SNMP logs the Get and Set operations that the NMS performs on the SNMP agent. When the GET operation is performed, the agent logs the IP address of the NMS, node name of the GET operation and OID of the node. When the SET operation is performed, the agent logs the IP address of the NMS, node name of the SET operation, OID of the node, the value configured and the error code and error index of the SET response. These logs will be sent to the information center, and the level of them is informational, that is, they are taken as the system prompt information. With parameters for the information center configured, the output rules for SNMP logs are decided (that is, whether the logs are permitted to display and the output destinations).
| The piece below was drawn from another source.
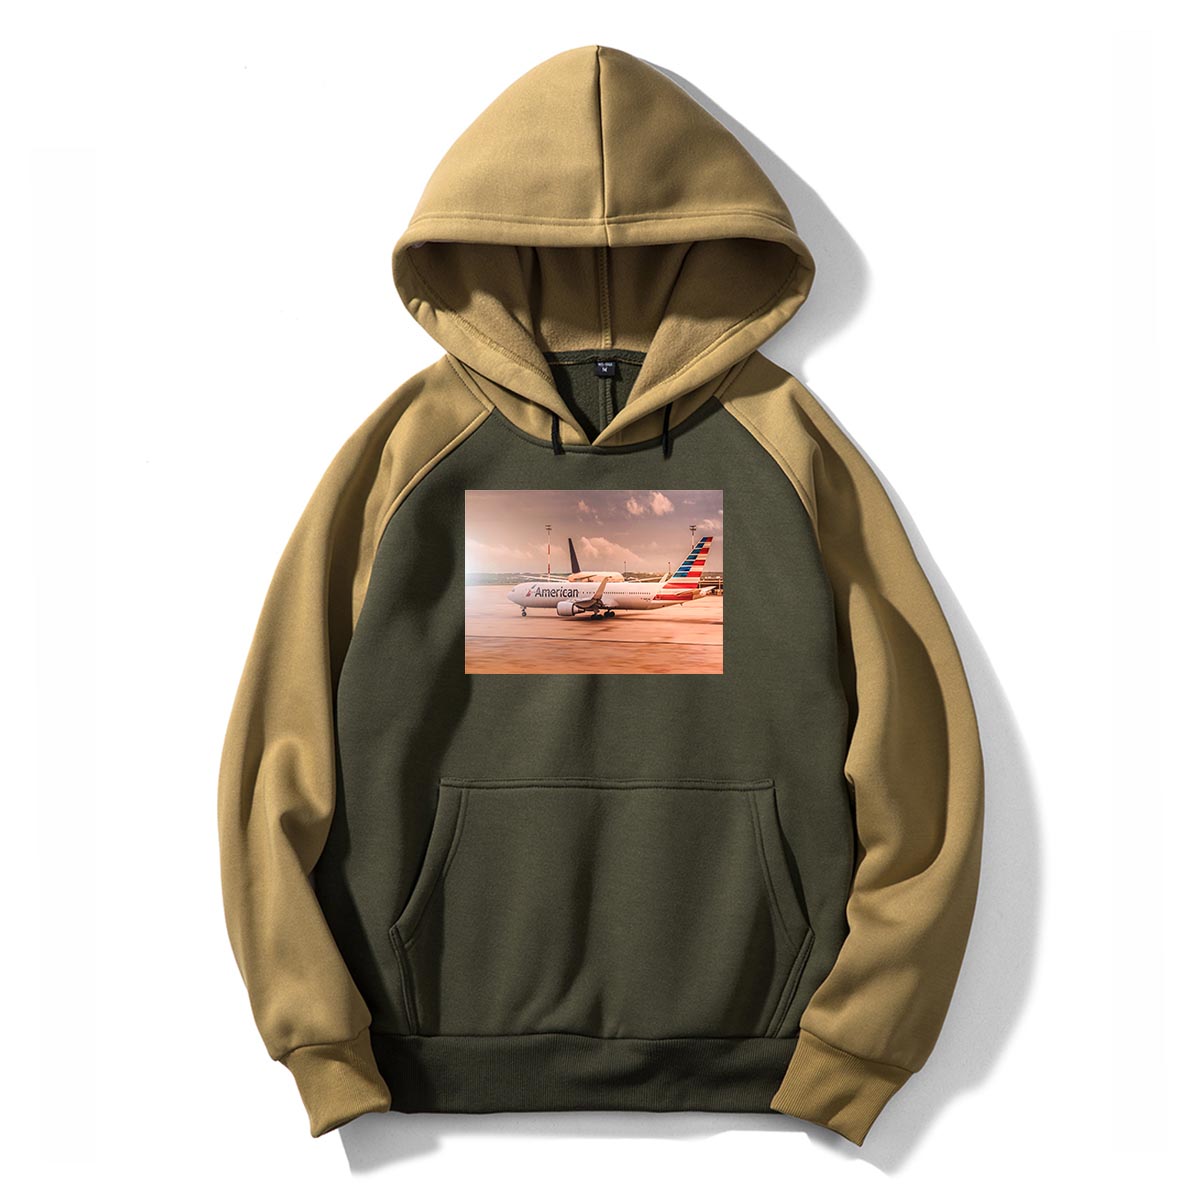 American Airlines Boeing 767 Designed Colourful Hoodies

SNMP logs Get requests, Set requests and Set responses, but does not log Get responses.
|
To do… |
Use the command… |
Remarks |
|
Enter system view |
system-view |
— |
|
Enable SNMP logging |
snmp-agent log { all | get-operation | set-operation } |
Required Disabled by default. |
|
Configure SNMP log output rules |
info-center source { module-name | default } channel { channel-number | channel-name } [ debug { level severity | state state } * | log { level severity | state state } * | trap { level severity | state state } * ] * |
Optional By default, SNMP logs are output to loghost and logfile only. To output SNMP logs to other destinations such as the console or a monitor terminal, you need to set the output destinations with this command. |
l A large number of logs occupy storage space of the device, thus affecting the performance of the device. Therefore, it is recommended to disable SNMP logging.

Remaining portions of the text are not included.